▶ **Task prompt**:
Leave the pictures out and print, word for word, the lines below from the one with "Flag of the" through the final line.

▶ **Supplied information**:
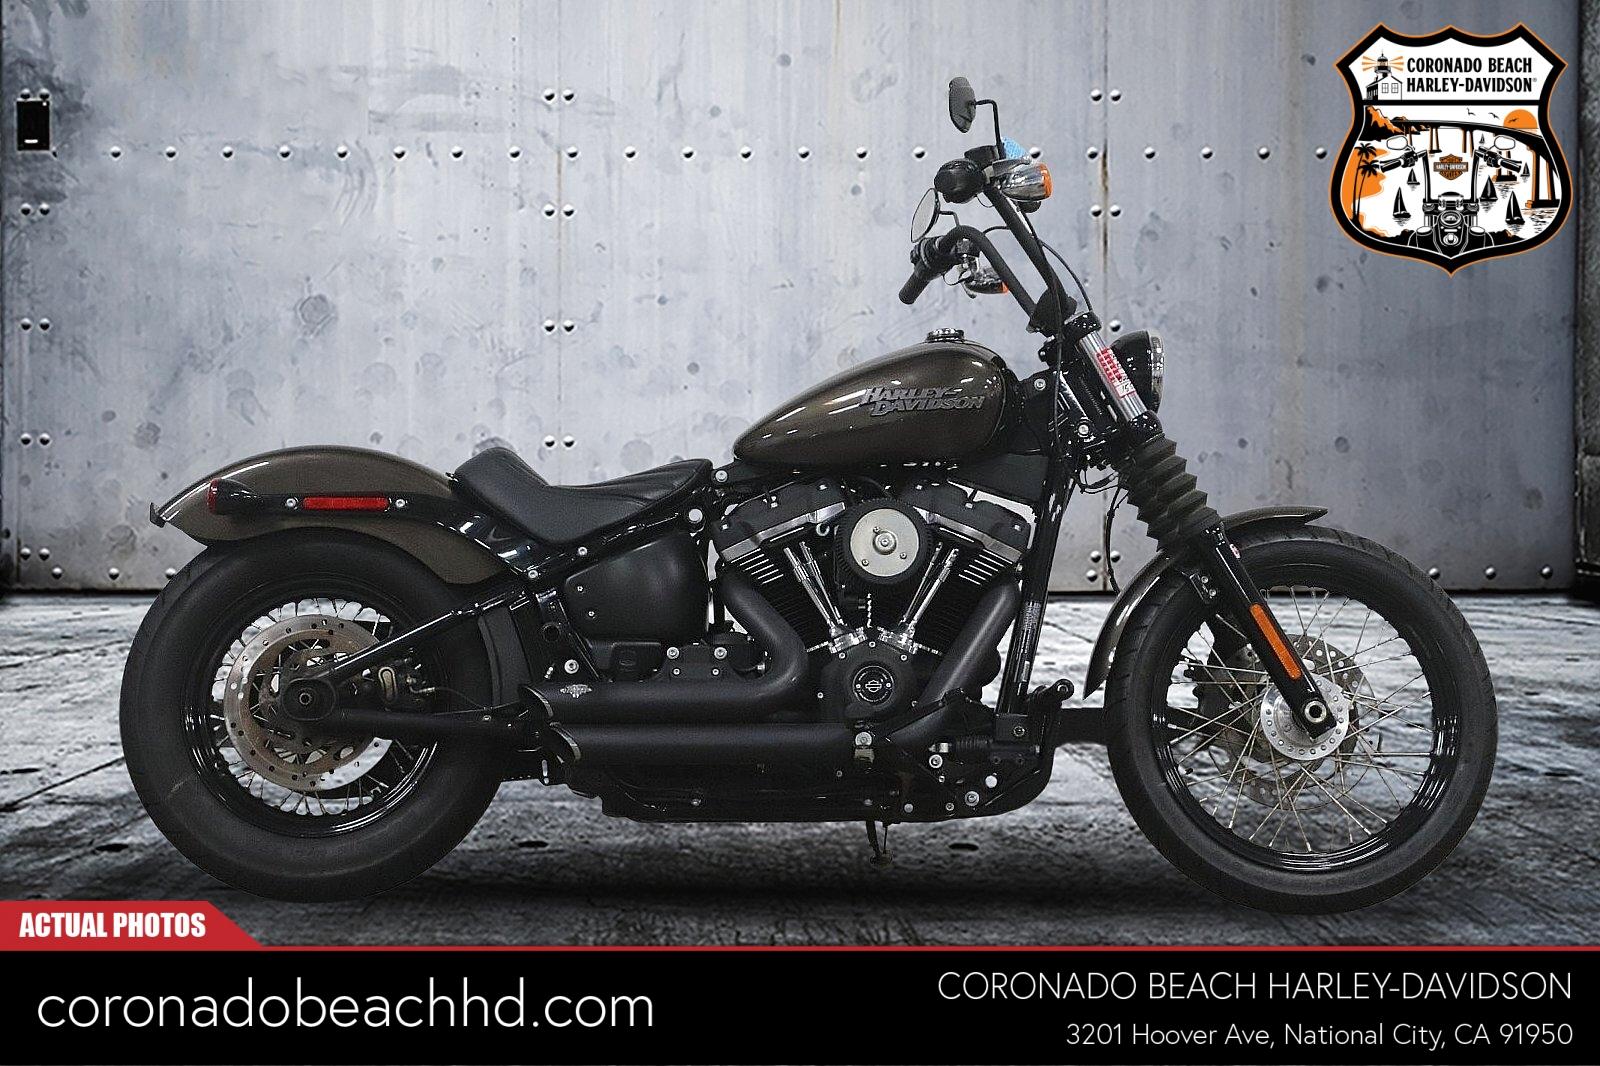 2020 Harley-Davidson Street Bob [84]
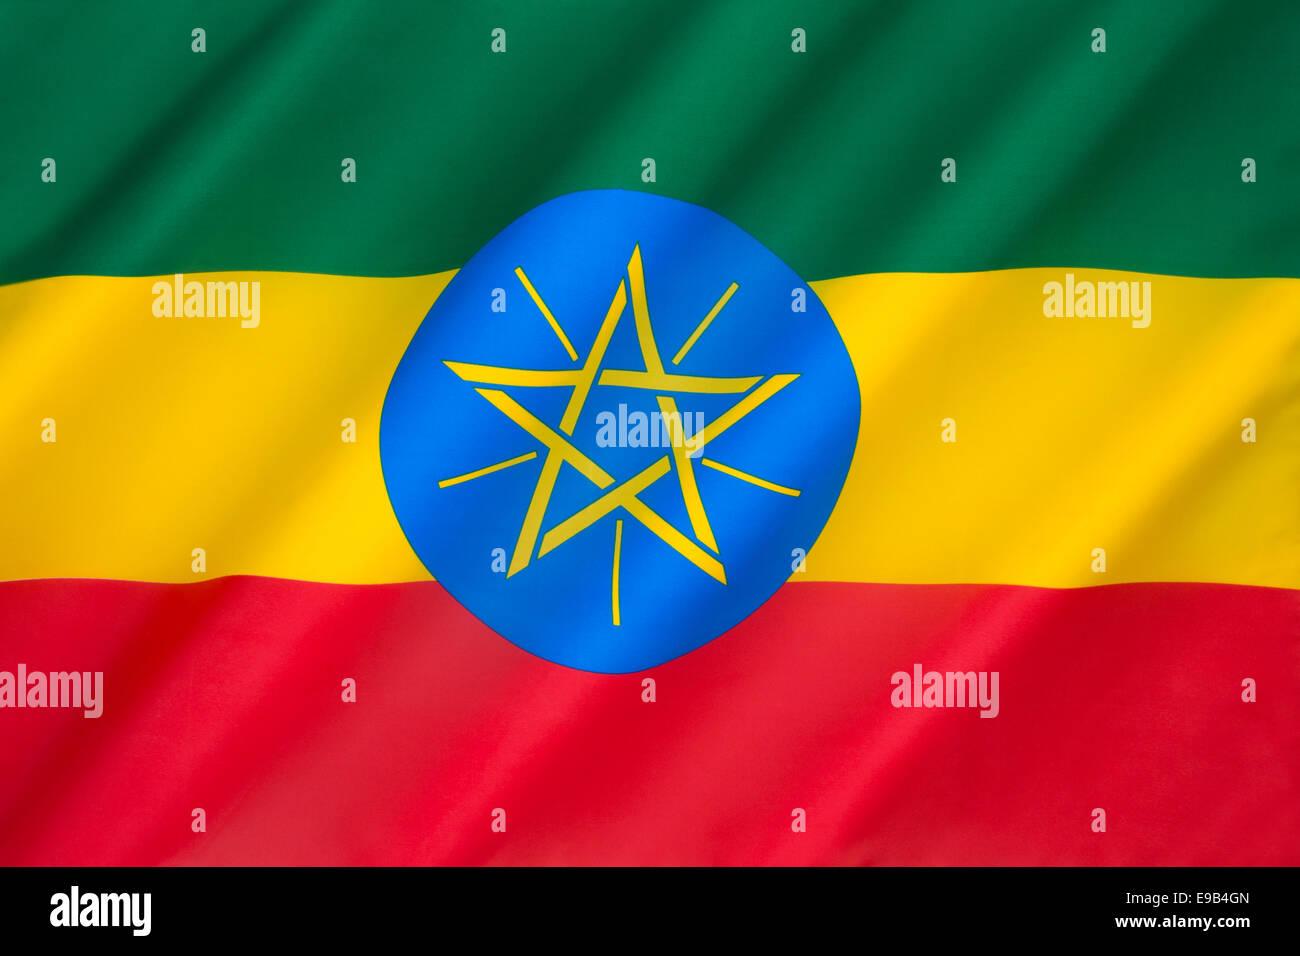 Flag of the Federal Democratic Republic of Ethiopia - Stock Image
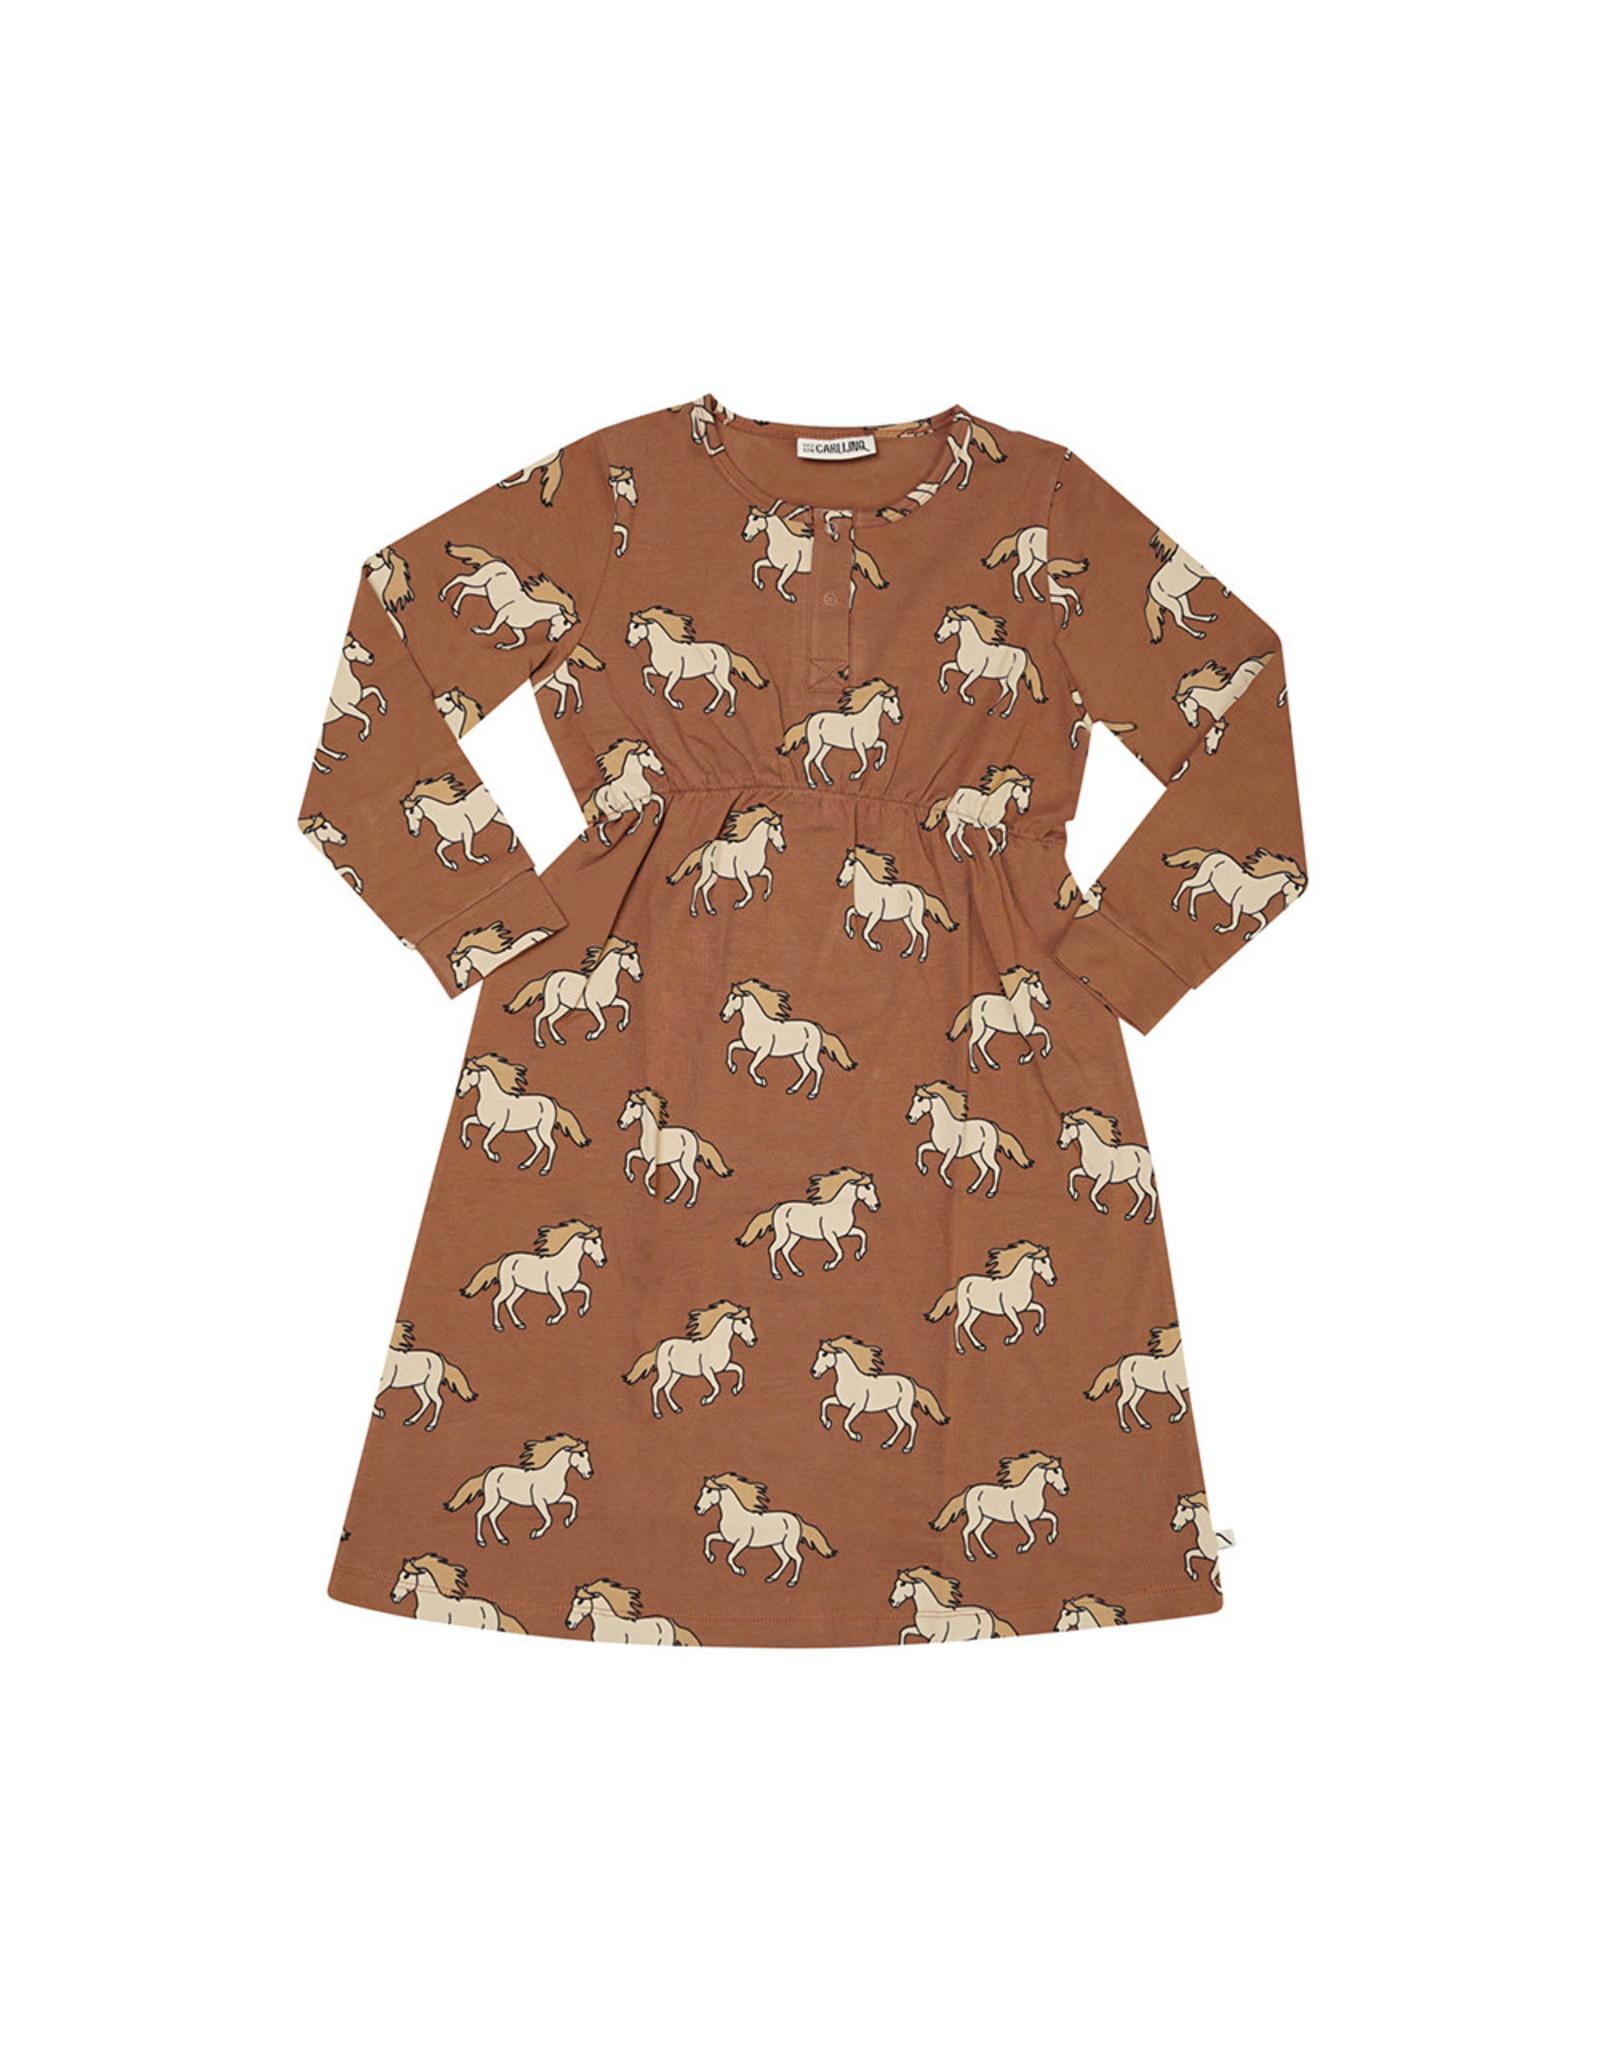 Carlijn Q Carlijn Q Wild Horse - 2 Button Dress

▶ **Finished exercise**:
 Flag of the Federal Democratic Republic of Ethiopia - Stock Image
 Carlijn Q Carlijn Q Wild Horse - 2 Button Dress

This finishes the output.